Seriously, Beetle Bailey is really fucked up.

Post Content

Spider-Man, 9/7/06

When we last checked in with the web-slinger, he had just been knocked unconscious by a sinister butler. Since then, I have refrained from commenting on the various indignities this strip has visited upon its readership. When the murderous manservant drove out to a cliff where he had somehow prearranged a camera set-up to record his snuff film, I stayed silent. When Spider-Man spent an entire strip being held at gunpoint claiming in his thought balloons that he couldn’t move without endangering the suddenly not-evil Narna, then moved out of the way the very next day, I said not a word. When Narna tried to save our hero by flinging an enormous rock, only to hit him in the back of the head — despite the fact that, in the panel where she threw the rock, Spidey was facing towards her — I held my tongue.

But this — this — cannot stand. Here we have crimes not just against logic and good sense, but a violation of some of the core rules of this genre, in which we expect the villain to be defeated, in one sense or another, by the hero, and not to be rubbed out by his own incompetence as the hero lies groggy on the ground, felled by one of his allies.

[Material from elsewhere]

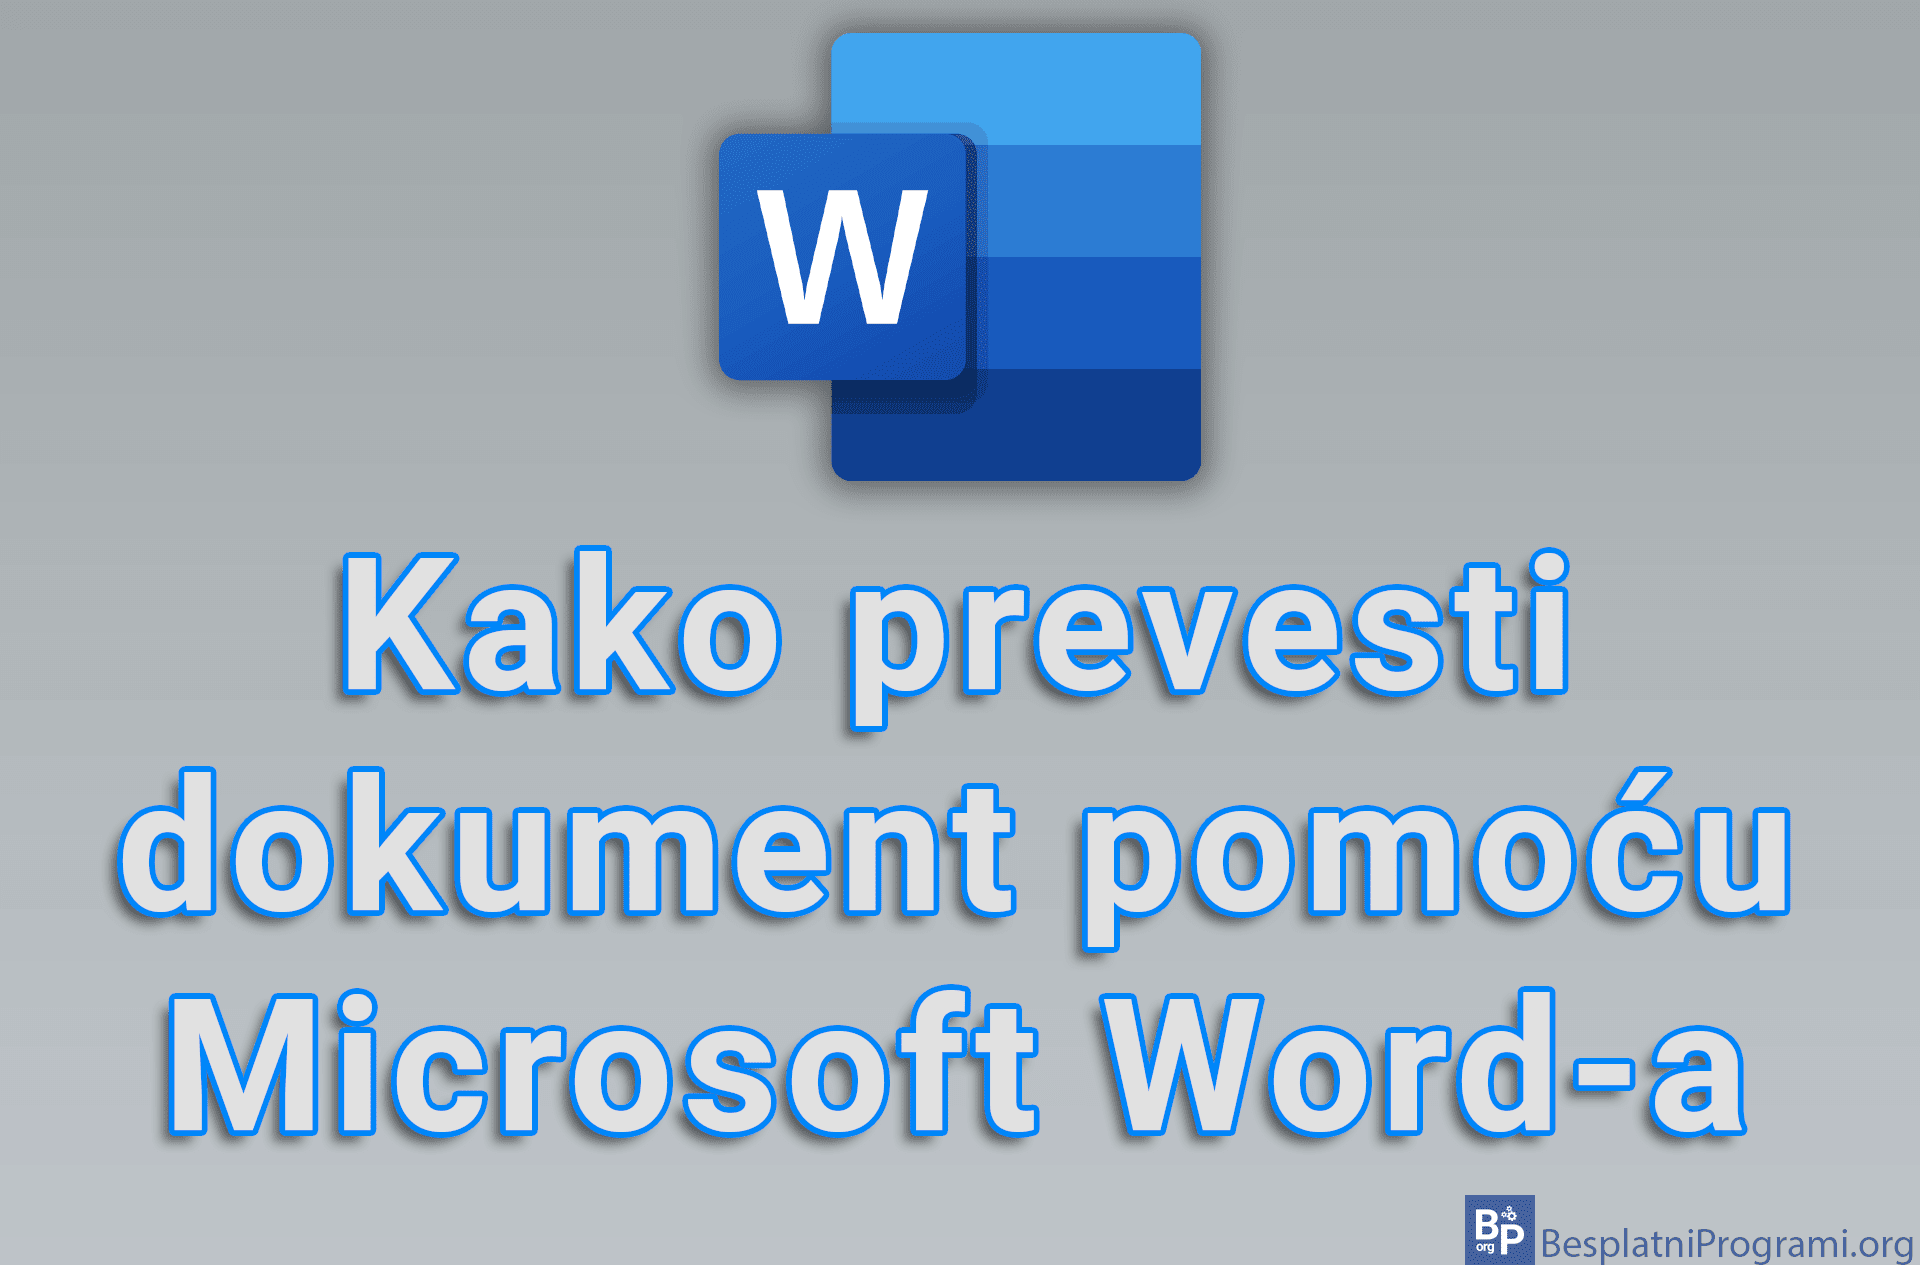 Kako prevesti dokument pomoću Microsoft Word-a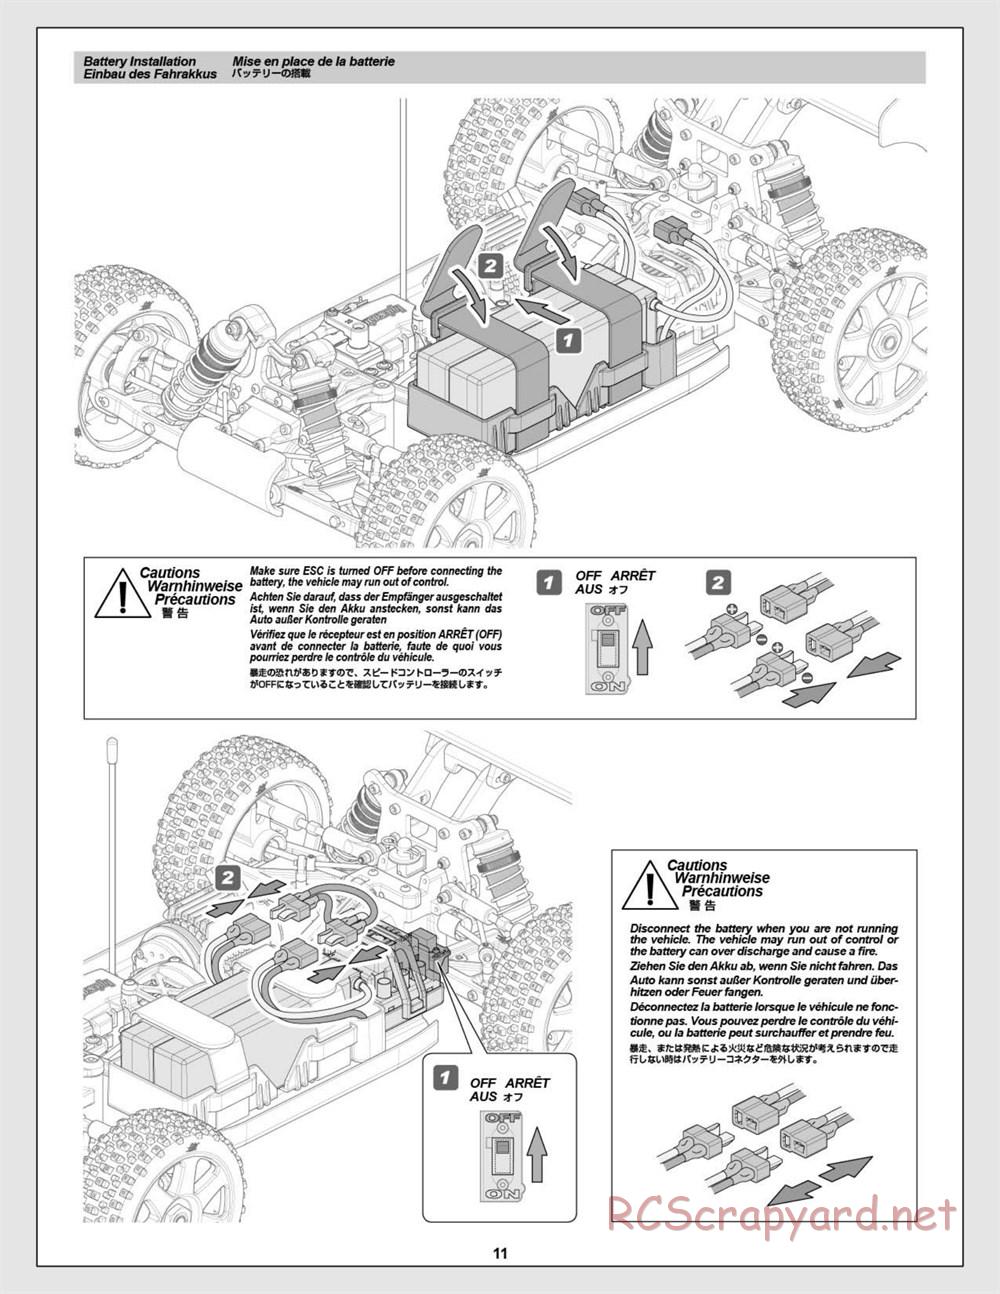 HPI - Vorza Flux HP - Manual - Page 11

I’ll bet the writers think that this is ironic. It is not ironic. The introduction and then immediate solving of a problem in last year’s loathsome health insurance storyline was bad enough, but this is an abomination that cannot be so easily forgiven. I damn thee, Spider-Man! I damn thee to superhero hell in the name of the unwritten but well-understood contract between author and reader! Anathema, anathema!

Apartment 3-G, 9/7/06

Beer! Is there anything it can’t do? Beer looks like it’s about to get Tommie laid, which would make it the most powerful substance on earth.

Now, you and I both know that Tommie isn’t going to get laid, of course. No doubt right as Ted is about to make his drunken move, Lucy’s going to show up, begging for forgiveness, and either she’ll see the two of them together and further sitcom-style complications will ensue, or they’ll suddenly realize how foolish they’ve been and start macking right there in front of our poor forlorn redhead; or, even if Lucy stays in whatever adulterous love nest she’s been in for the past few months, Tommie will suddenly have an attack of righteousness and head on back to her cold, lonely bed in Apartment 3-G. So, no nookie for Tommie. But it won’t be beer’s fault.

Judge Parker, 9/7/06

Yeah, so I take back what I said before. I don’t think the glassy-eyed Abbey wants Raju to kiss her. I now think she’s just really, really high.

Pluggers, 9/7/06

So, you’re a Plugger if, uh, you’re forever haunted by the icy specter of death? Does Pluggers have any gears other than “smug” and “depressing?”